Last month, activists were left angry and disappointed at the European Union’s decision to relax sanctions against the country despite the evidence of continuing human rights abuses.
The EU sanctions were first imposed when President Karimov refused to allow an independent enquiry into the violence at Andijan in May 2005, when security forces fired on demonstrators, leaving hundreds dead.
Shields believes there is a lot more that the CAT could be doing to inform the world community of the true situation in Uzbekistan, rebuff the justifications the government puts forward, and call for an end to torture.

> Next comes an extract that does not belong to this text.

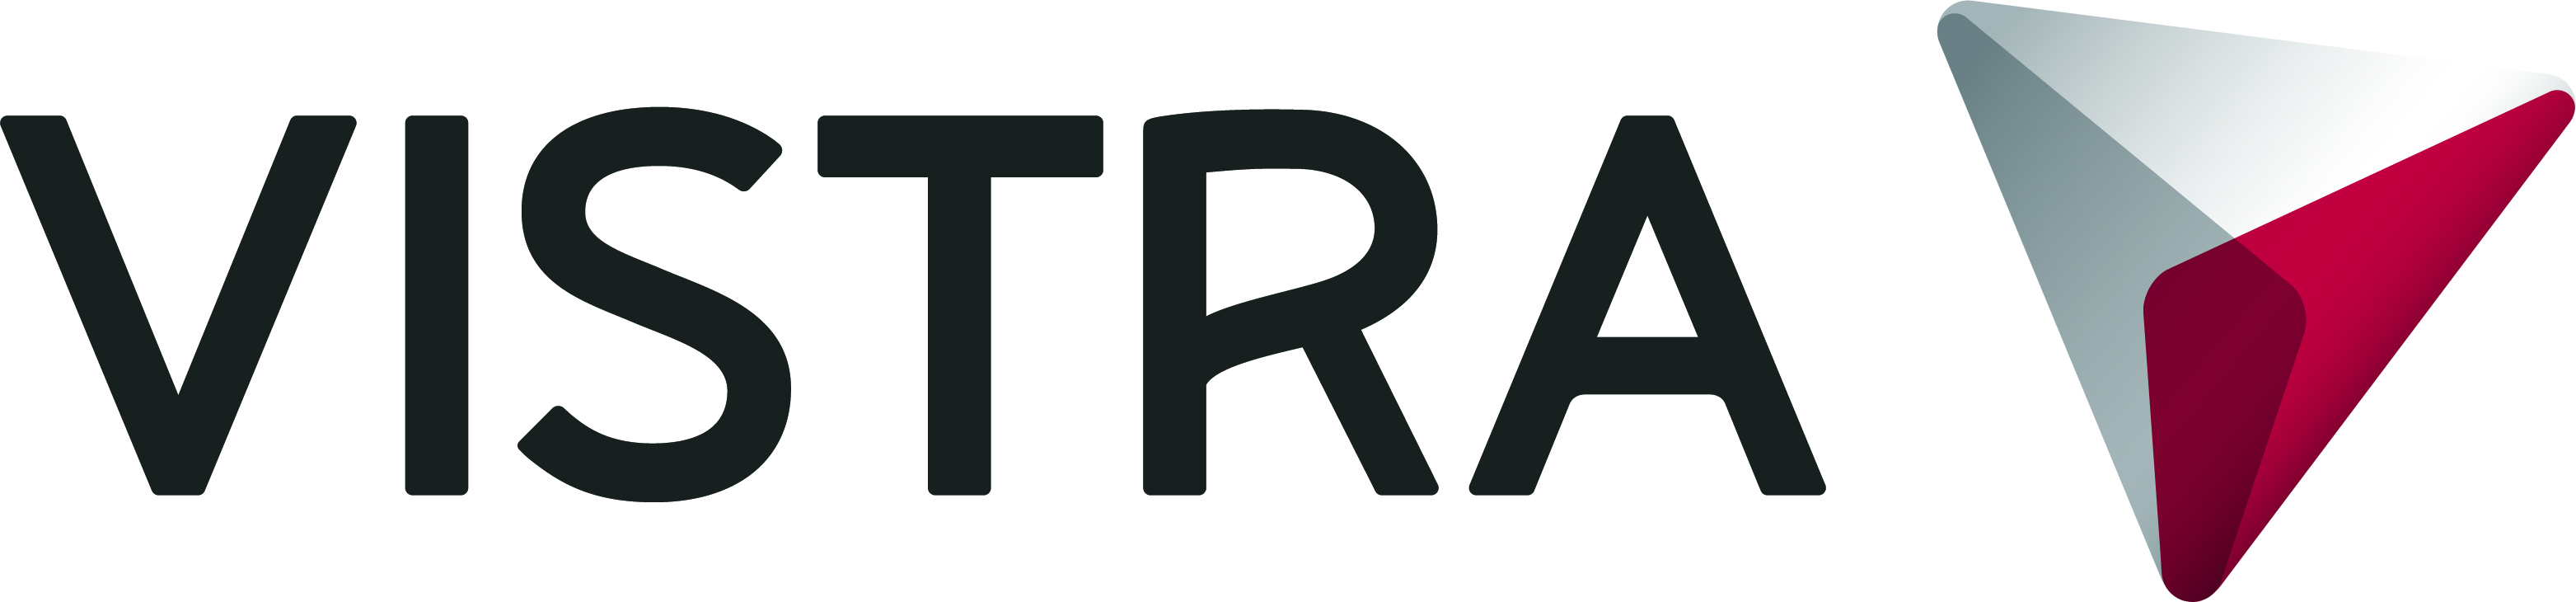 Vistra GmbH & Co. KG Logo

Vyacheslav Abramov, who runs the website of Voice of Freedom, a network of Central Asian human rights activists, believes that while international pressure has had little effect on preventing torture so far, the lobbying must be sustained.
“Alternative reports from Uzbek human rights activists and statements by international organisations create pressure, and the government can do nothing but tell lies or admit there is a problem and try to solve it,” said Abramov.
“The Uzbek government will not be able to ignore those demands infinitely, and it is quite possible that it will start taking measures to resolve the problem, even if initially these are fairly unsubstantial.”
(Names of some interviewees have been withheld in the interests of their security.)